Huh, probably not a good reason. The tactic case was supposed to evolve towards the semantics of destruct at some time but this was not pursued. As a trace of this case x, x0 is like destruct x, x0. Do case x; case x0 or case x, x0 in |- * if you want to work only on the goal (in the latter case, it will also remove the now useless hypotheses).

Also, I realize that I may have misunderstood your question about “equality or identity”. I thought you were talking about so-called Martin-Löf’s identity type and that you were using identity synonymously to equality. If this was a equation calling to choose between equality(in the sense of a syntactic proposition) or identity (in the sense of “true equality”), then the equal sign is an “equality” predicate, that is, it does not presume that the equality necessarily holds. In particular, we can have “equality” assumptions, which by construction are just assumed and thus have no proof. As for “equality” statements, only those which have a proof are worth be called identity. (But maybe, this was not your question either?)

Thank you for the answer.

I have to say, all these different way of writing things, and sub tactics of sub tactics makes it a bit hard to follow everything.
Often, it feels like the proof is long just because you picked the wrong tactic at after the first intro.
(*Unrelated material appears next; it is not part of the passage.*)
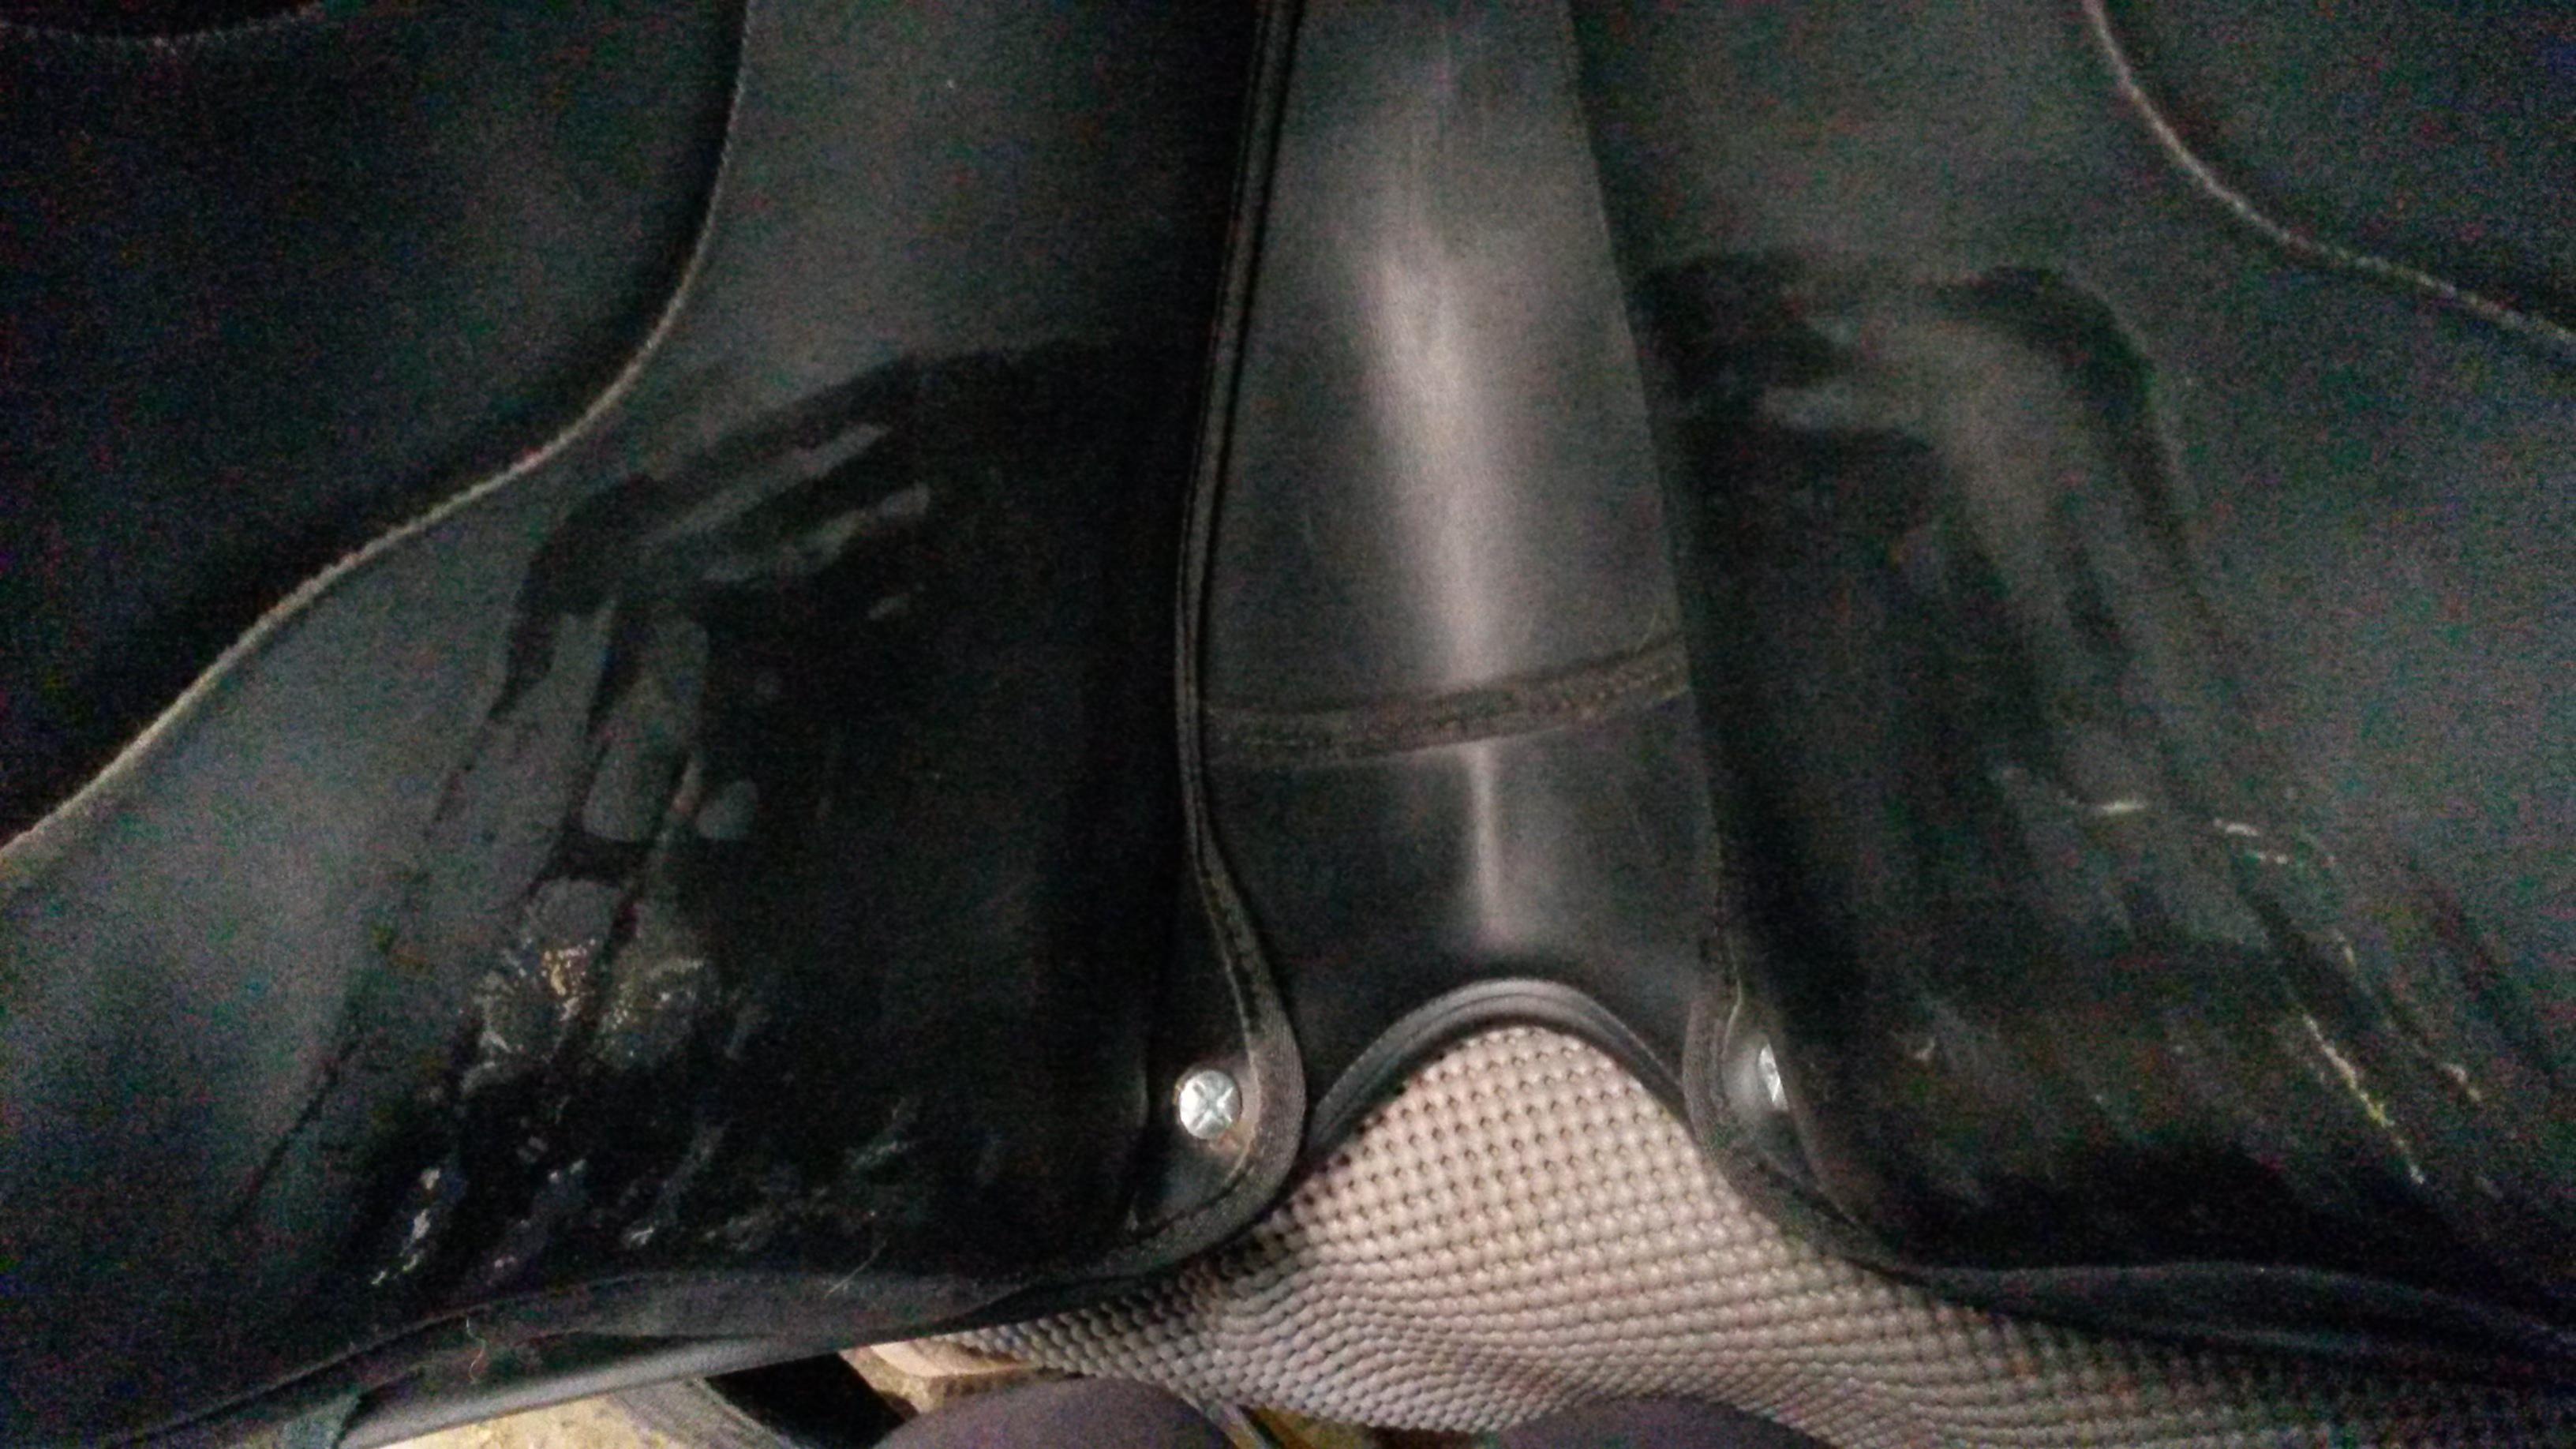 Les selles mon plus grand cauchemar 4 forum cheval - Mon tapis de course ne fonctionne plus ...
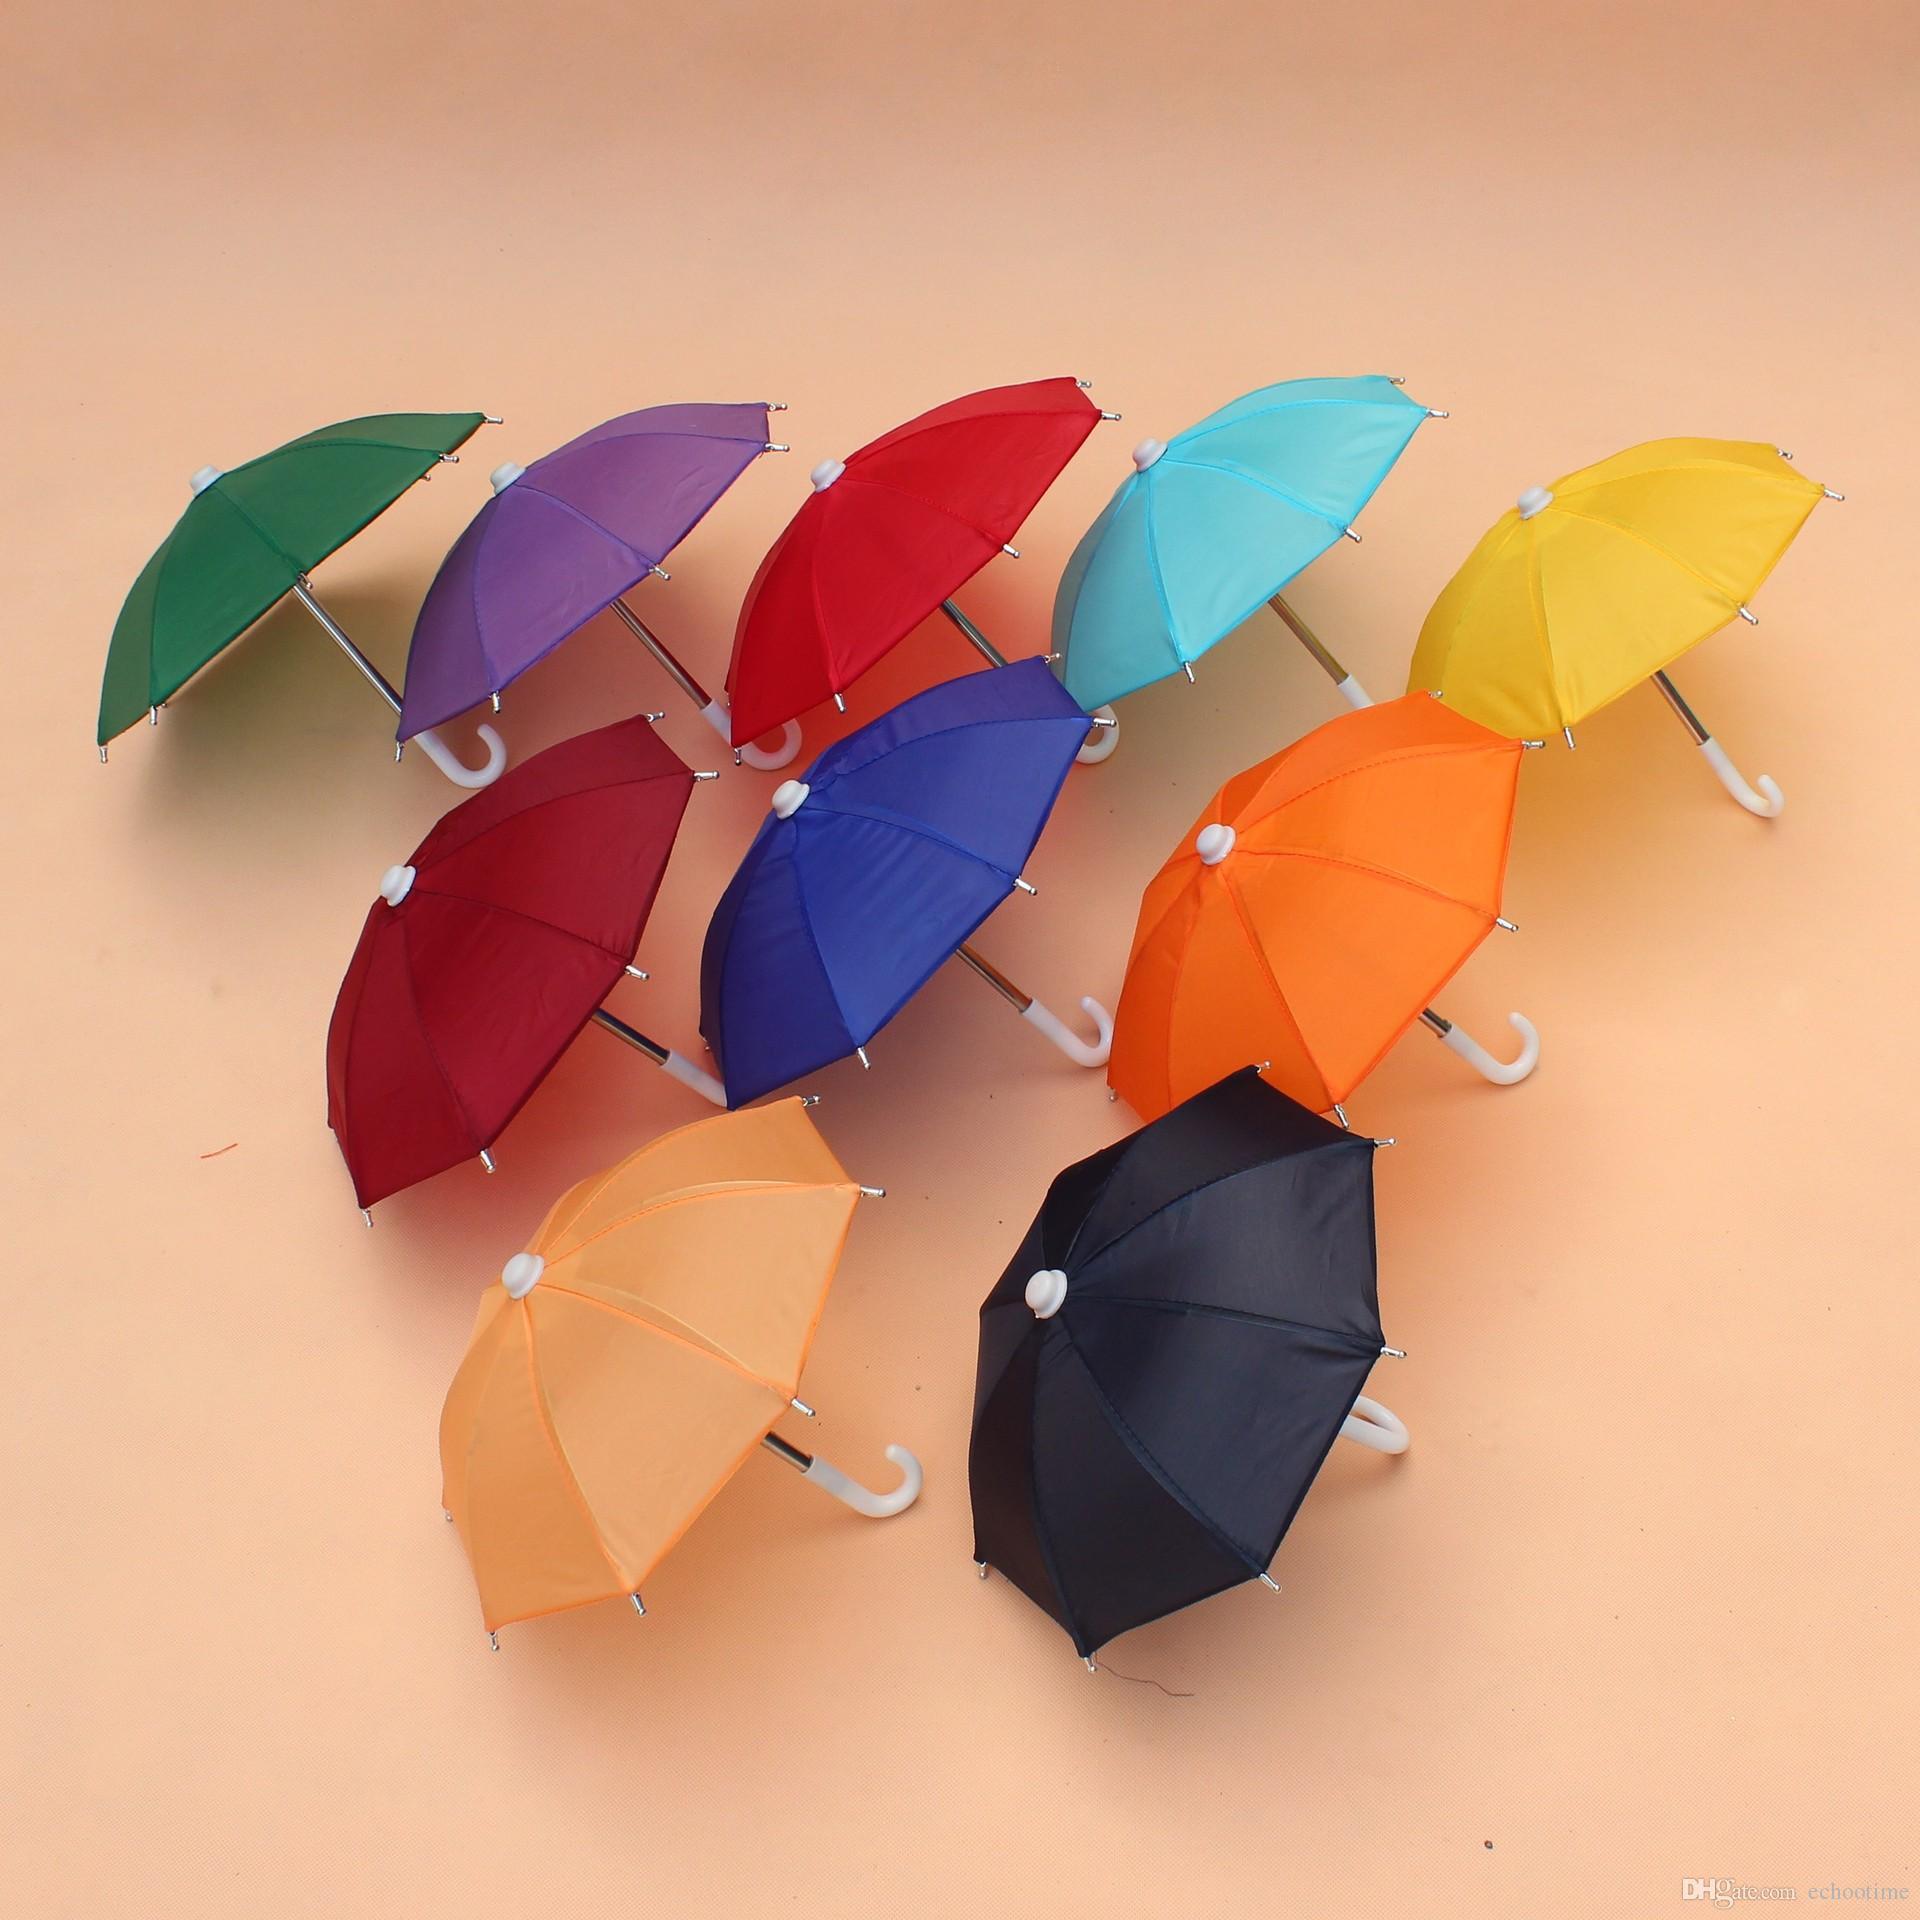 500 stücke Mini Simulation Regenschirm Für Kinder Spielzeug Cartoon Viele Farbe Regenschirme Dekorative Fotografie Requisiten Tragbare Und Licht

For the equality/identity, it was really just a thought.
On the very moment I didn’t think about the fact that the very same element could occur several time in the list. It’s because I use lists for sets (for some historical reasons) and because since I create everything from scratch, things that could in principle happen do not because the previous function prevents them from happening, though when you want to prove the second function on its own, you have to care about these spurious cases.